The names of messages or information exchanged between devices in the embodiments of the present disclosure are for illustrative purposes only, and are not intended to limit the scope of the messages or information.

Referring to fig. 1, a flow of one embodiment of an information processing method according to the present disclosure is shown. As shown in fig. 1, the information processing method includes the steps of:

step 101, obtaining a first hidden state vector obtained by inputting information to be translated expressed by using a source language into a pre-trained first translation model, and predicting the first hidden state vector as a first probability distribution of each word in a preset vocabulary.

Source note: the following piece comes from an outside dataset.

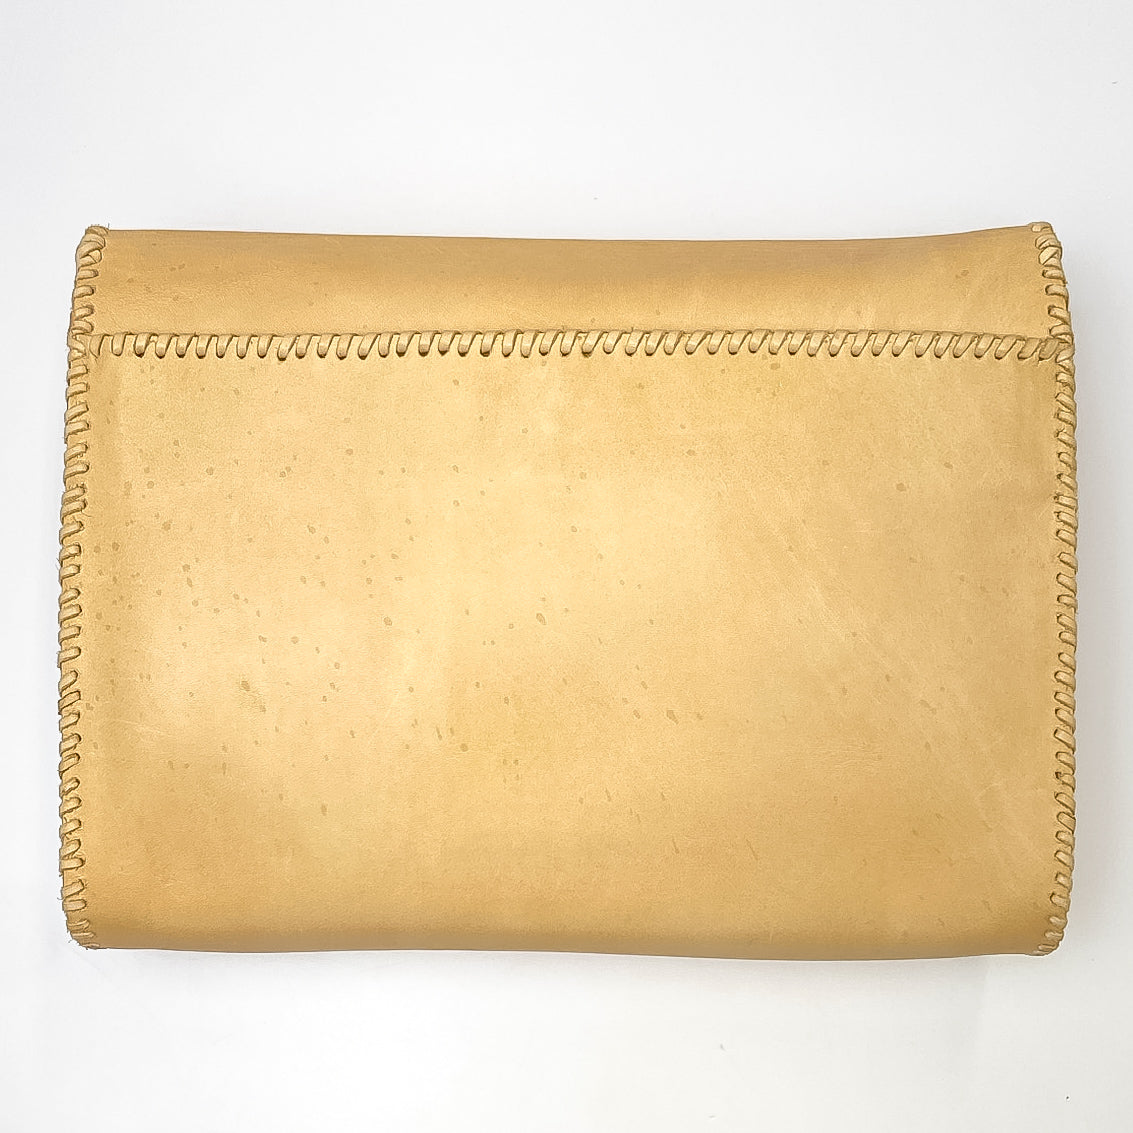 BLEMISHED | Consuela | Diego Around Town Crossbody - Giddy Up Glamour Boutique

The first translation model here may be any machine learning model. Such as neural machine translation models, etc.

The first translation model may be a pre-trained model. The training for the first translation model may be supervised training and is not described in further detail herein.

The source language may be any language such as English, Chinese, French, etc. The target language may be any other language than the source language.

The information to be translated may include a word, a sentence group, etc.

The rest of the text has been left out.